A cubical box of side `1 m` contains helium gas (atomic weight 4) at a pressure of `100 N//m^2`. During an observation time of `1 second`, an atom travelling with the root - mean - square speed parallel to one of the edges of the cube, was found to make `500 hits` with a particular wall, without any collision with other atoms . Take `R = (25)/3 j //mol - K and k = 1.38 xx 10^-23 J//K`.
(a) Evaluate the temperature of the gas.
(b) Evaluate the average kinetic energy per atom.

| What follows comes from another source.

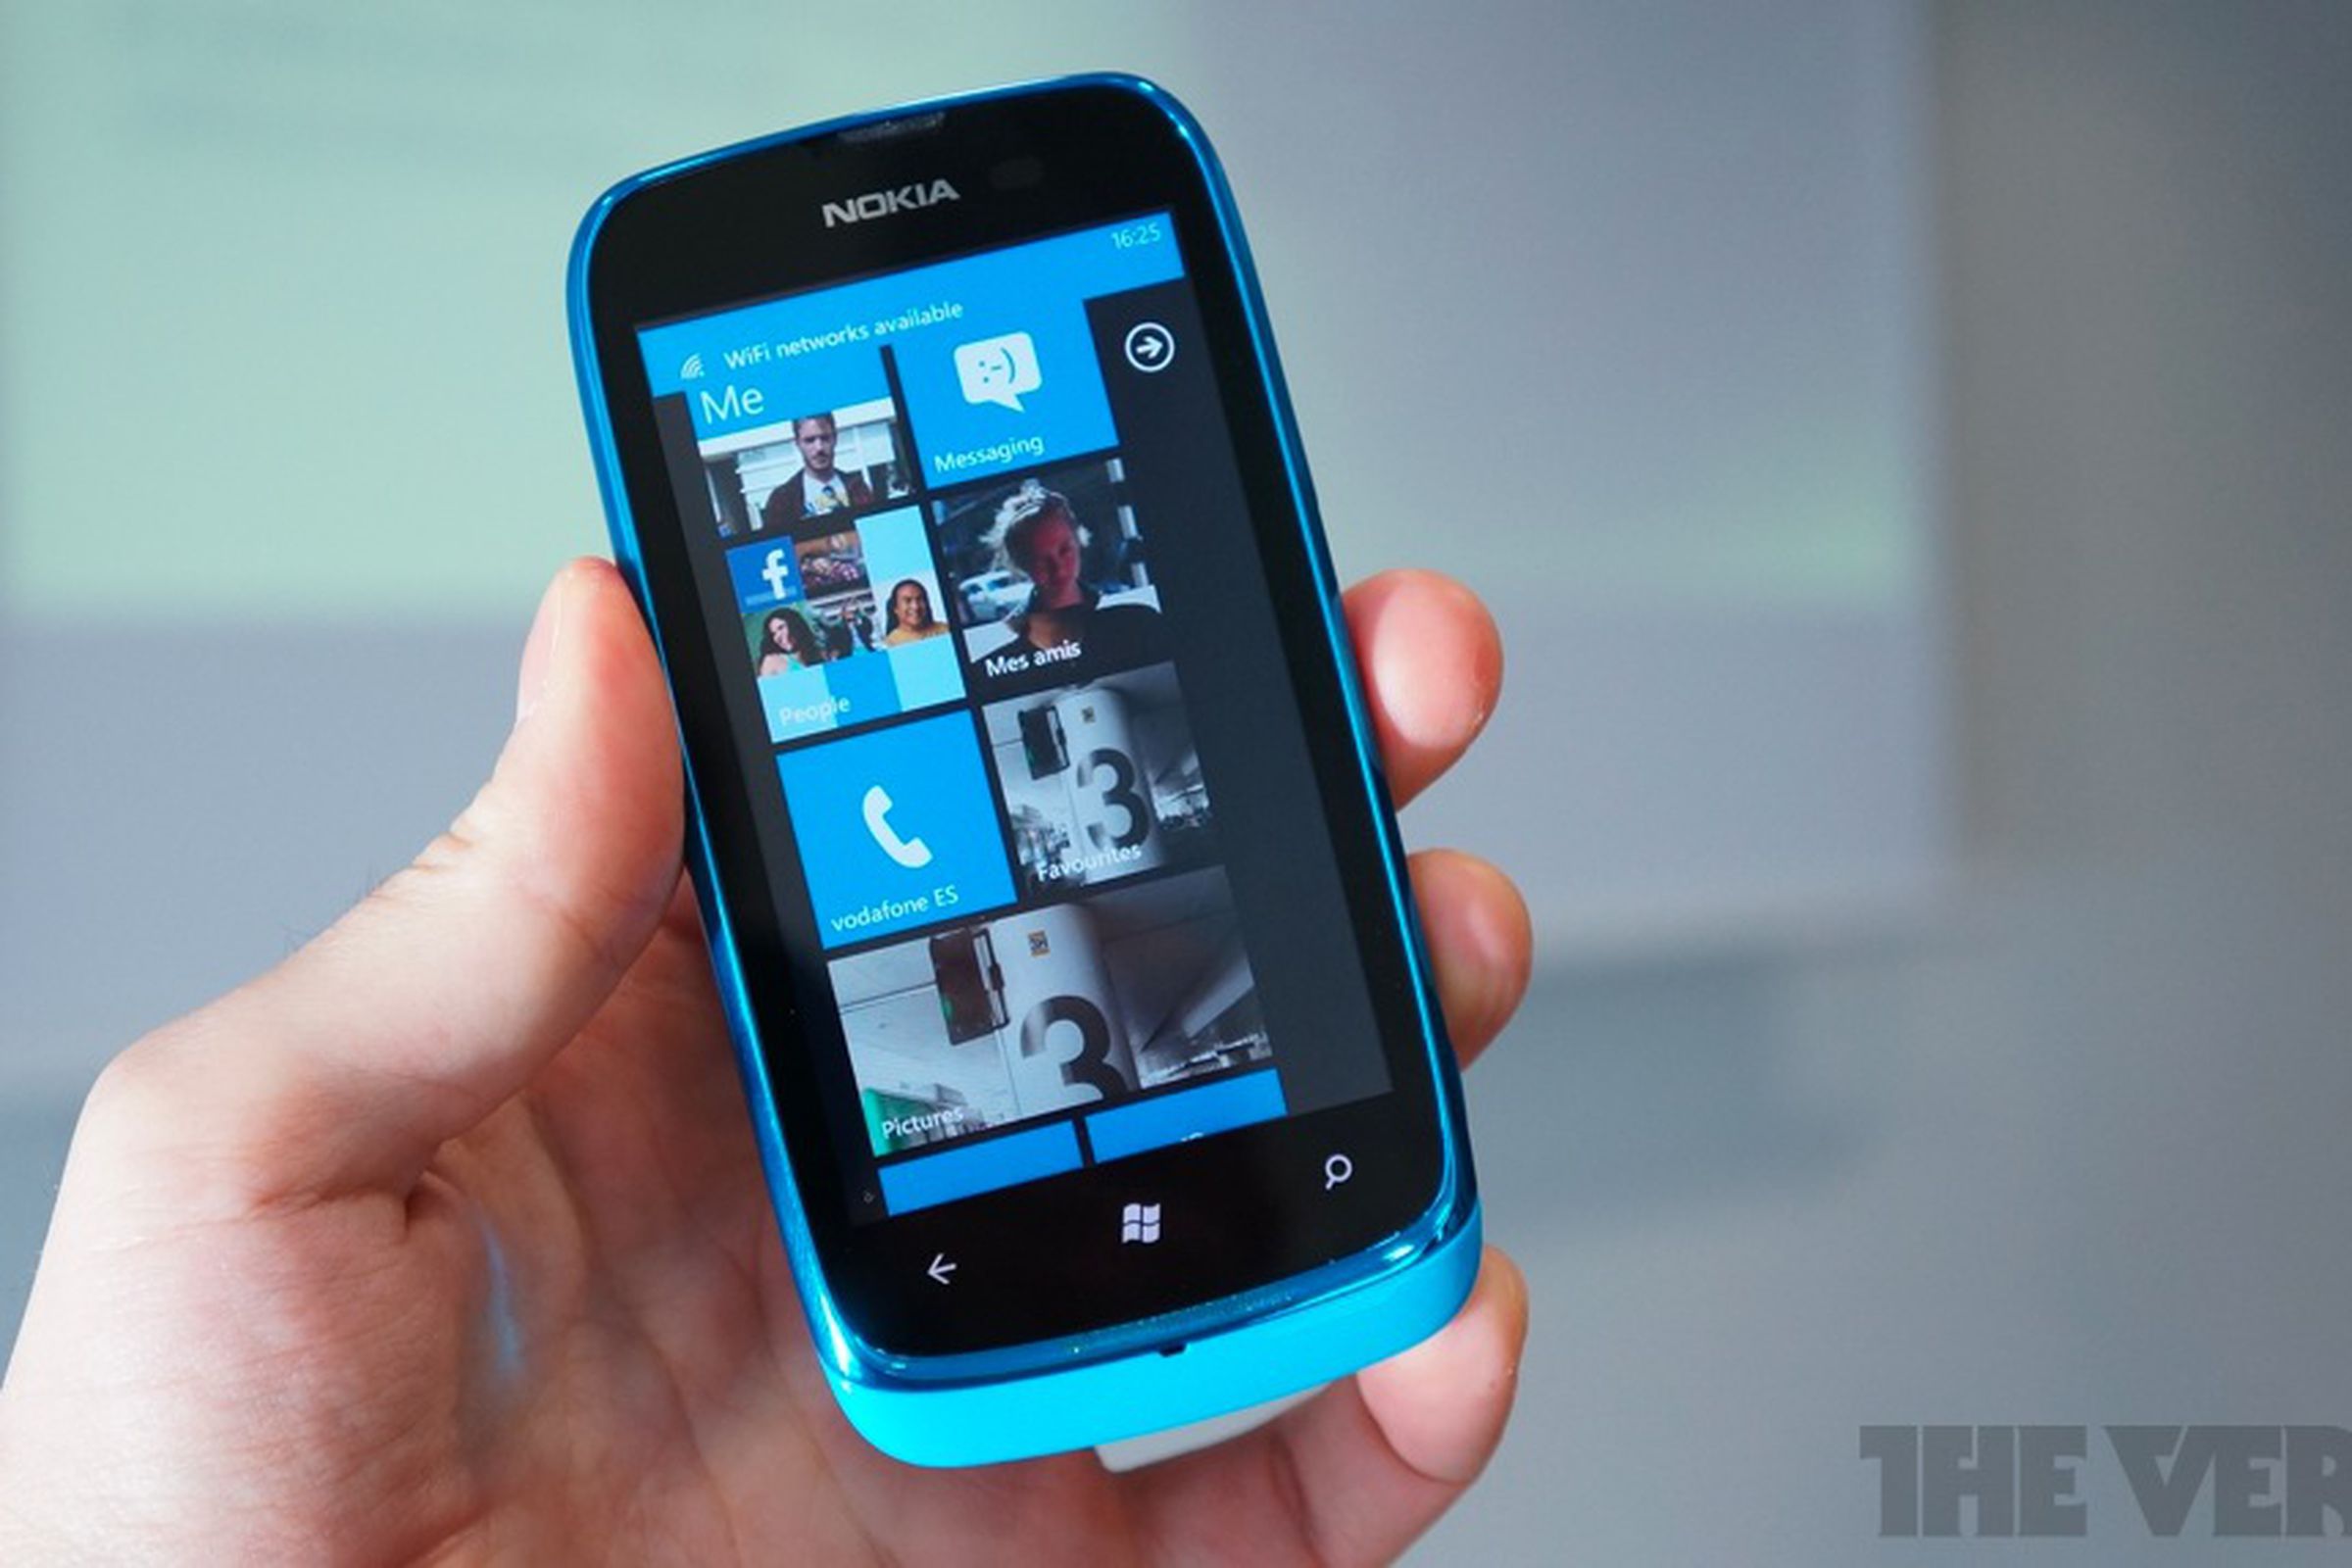 Gallery Photo: Nokia Lumia 610 hands-on photos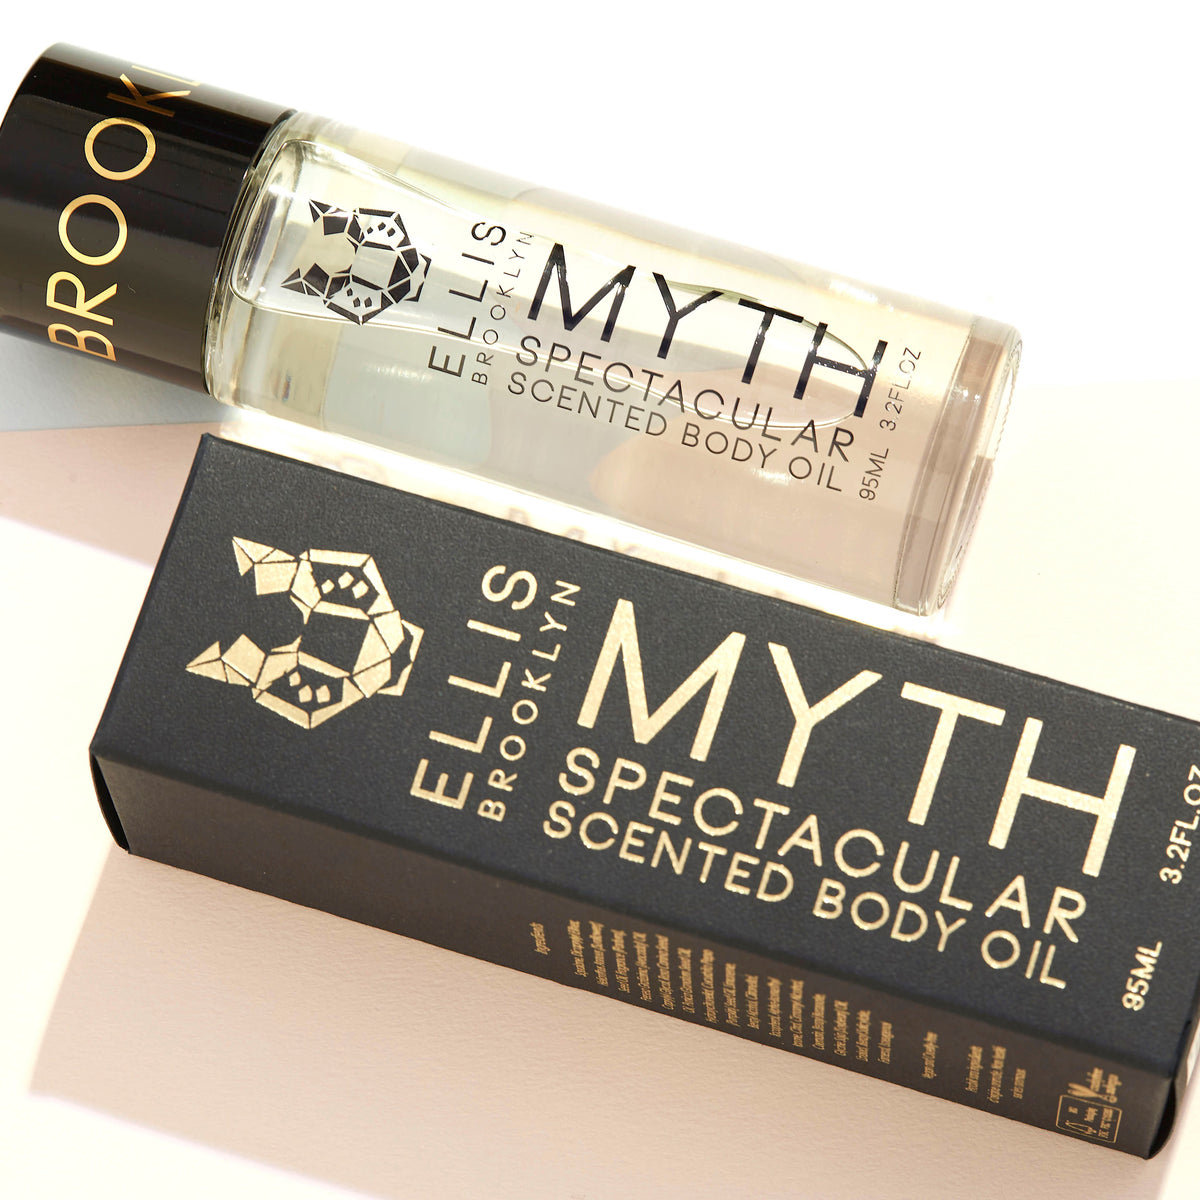 MYTH body oil box

( c) Evaluate the total mass of helium gas in the box.

Volume of the box = ` 1m^(3)`, Pressure of the gas =` 100N//m^(2)`.
Let `T` be the temperature of the gas
(a) Time between two consecutive collections with one wall = ` (1)/(500)"sec"`
This time should be equal to `(2l)/(V_(rms))` , where l is the side of the cube.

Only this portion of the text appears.